WHAT IS EXPECTED. For this exercise, reproduce only the lines from the one holding "A shoulder bag" through the final line of the data below, exactly, and omit pictures.

*** COLLECTED MATERIAL ***

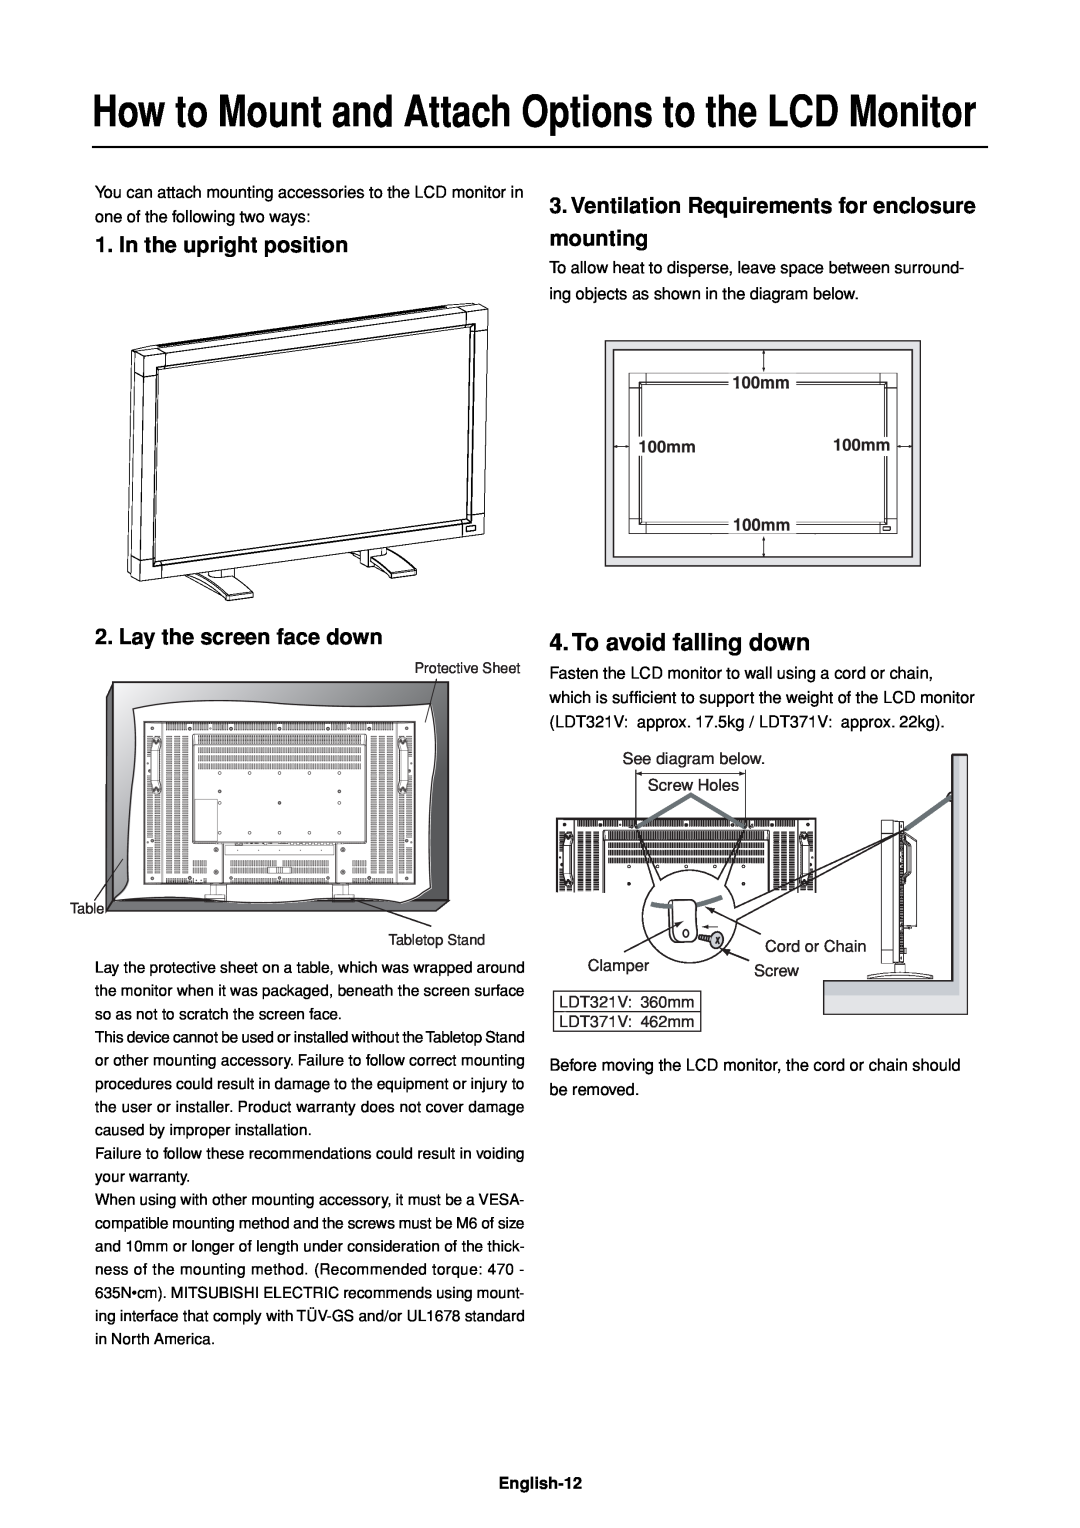 Mitsubishi Electronics LDT32IV (BH548) manual In the upright position 2. Lay the screen face down, To avoid falling down 
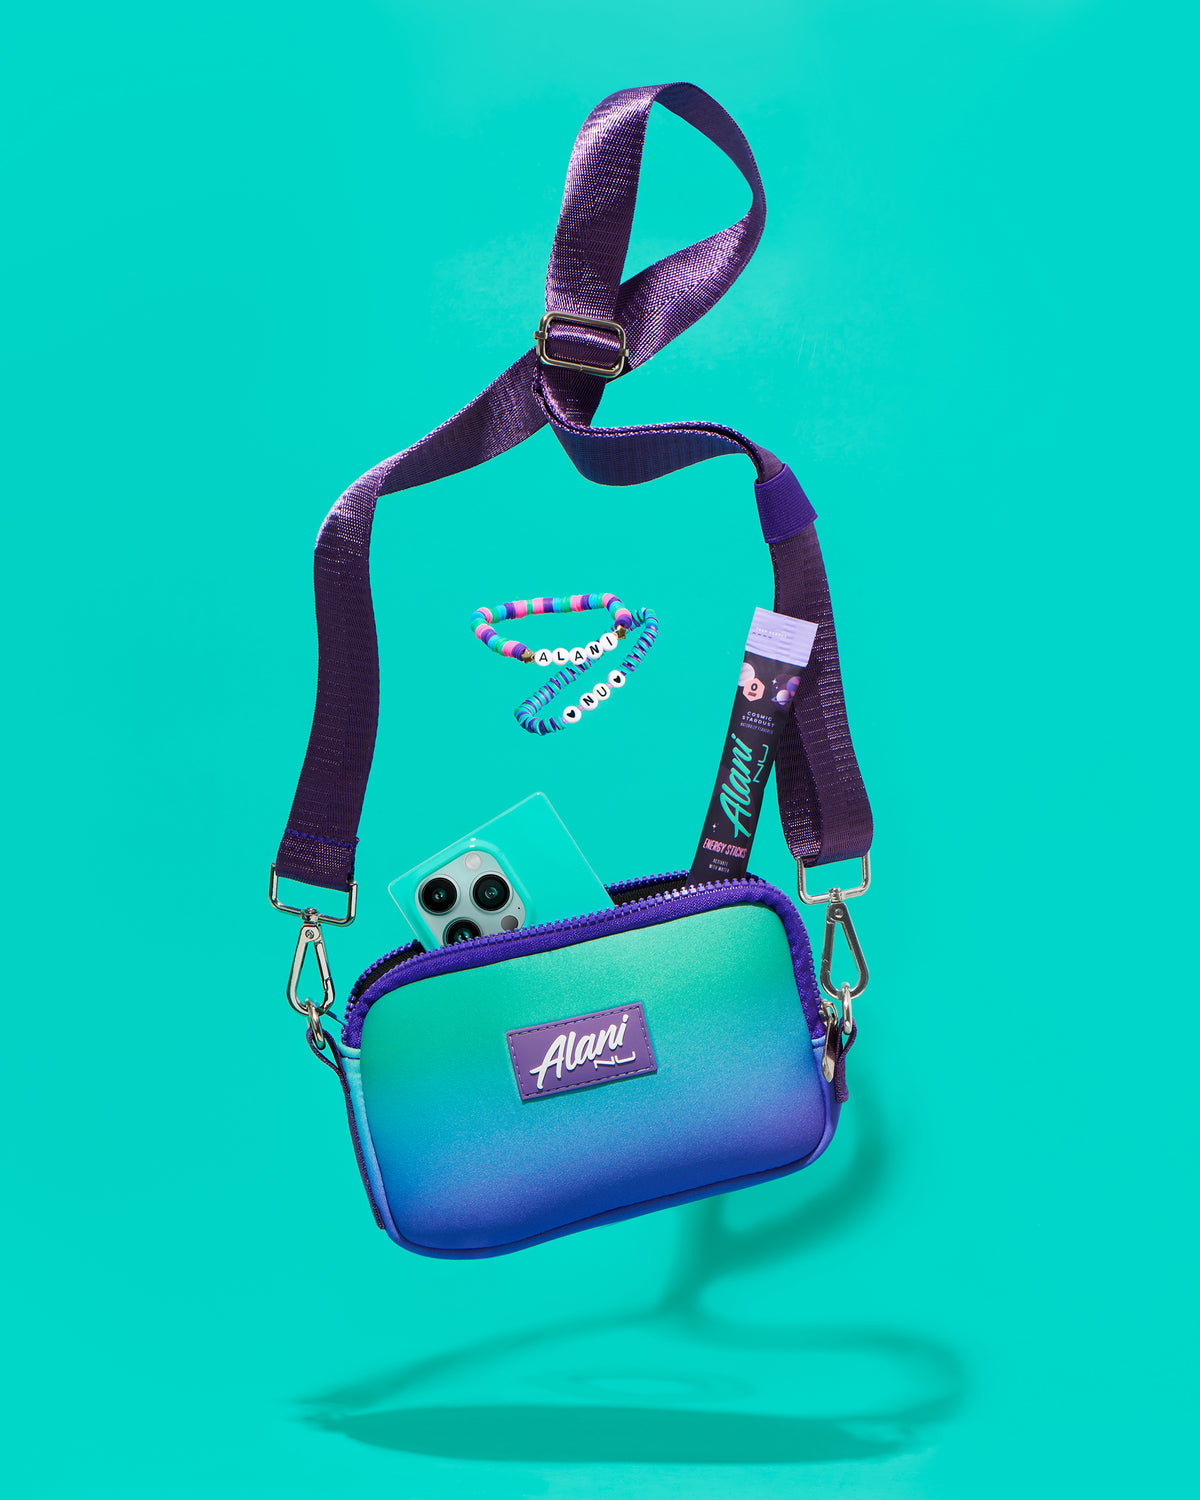 A shoulder bag in twilight sky color displayed with energy stick breezeberry flavor and an Iphone. 
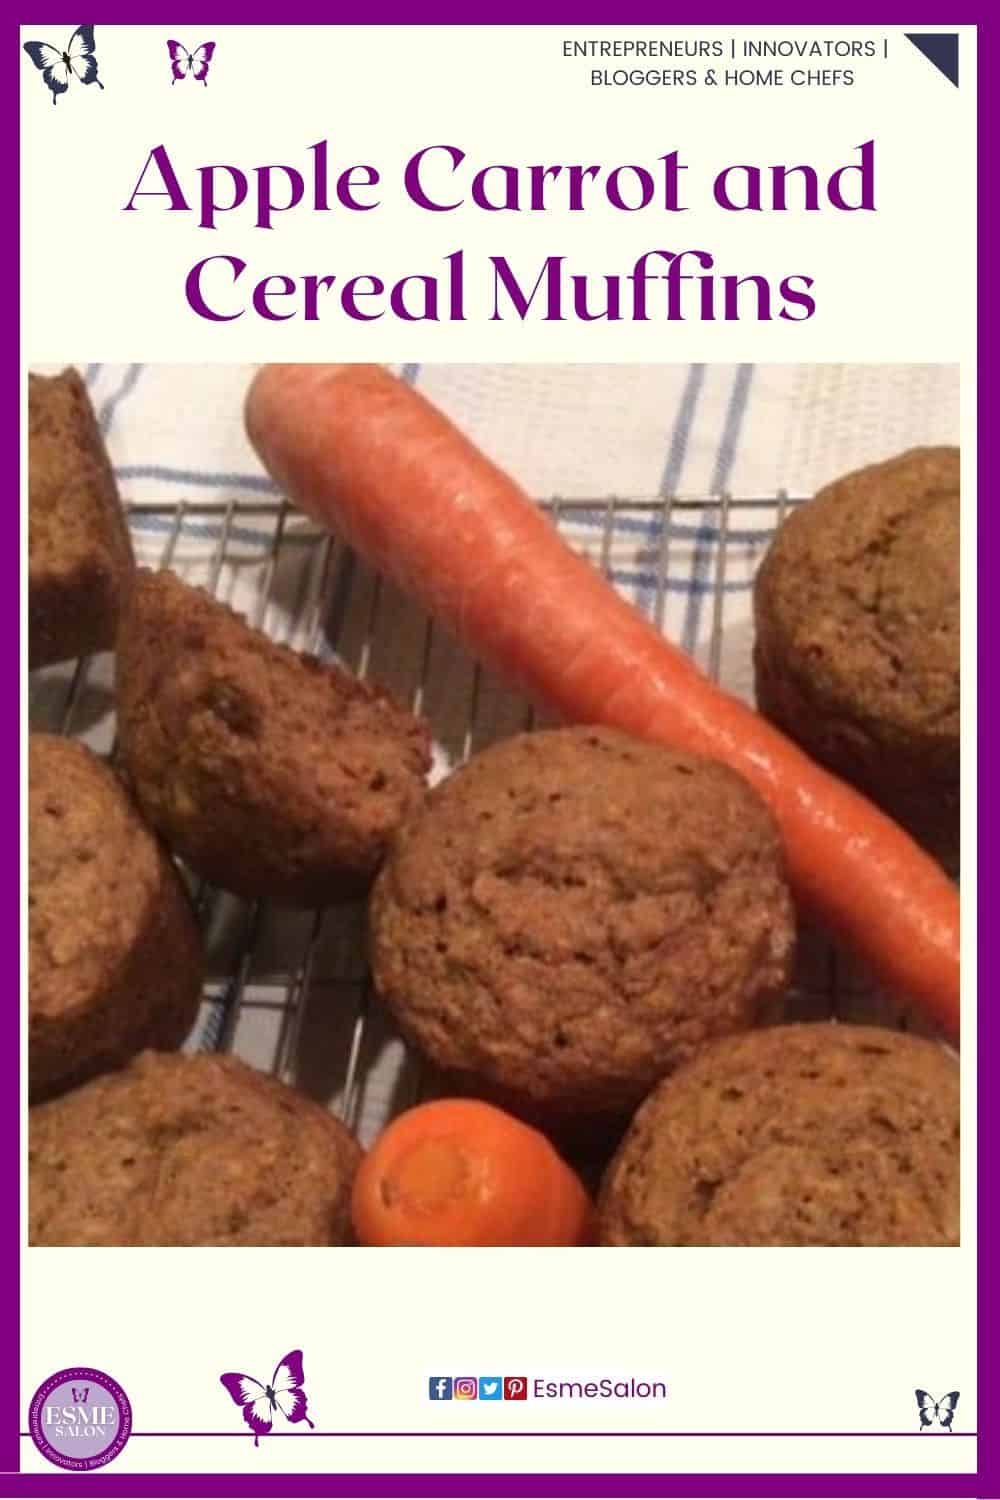 an image of Apple Carrot and Cereal Muffins with a raw carrot on the side
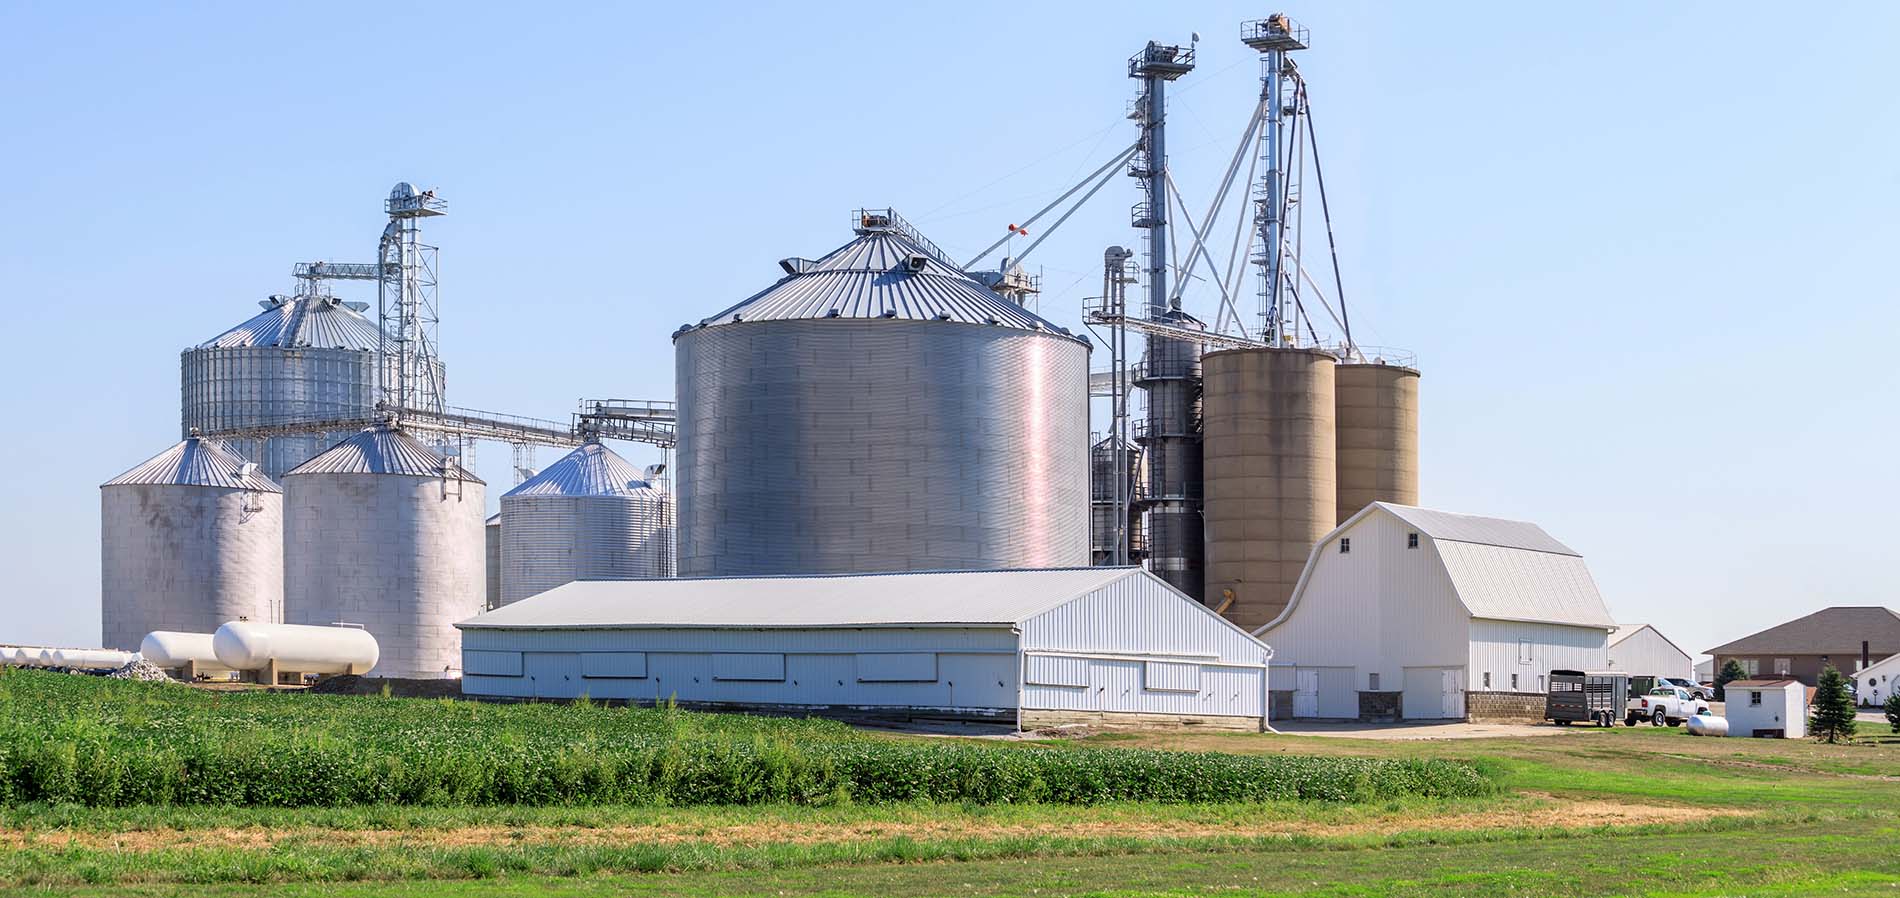 Agricultural Silos and Material Conveyance

***

TASK ANSWER.
 A shoulder bag in twilight sky color displayed with energy stick breezeberry flavor and an Iphone. 
 an image of Apple Carrot and Cereal Muffins with a raw carrot on the side
 Agricultural Silos and Material Conveyance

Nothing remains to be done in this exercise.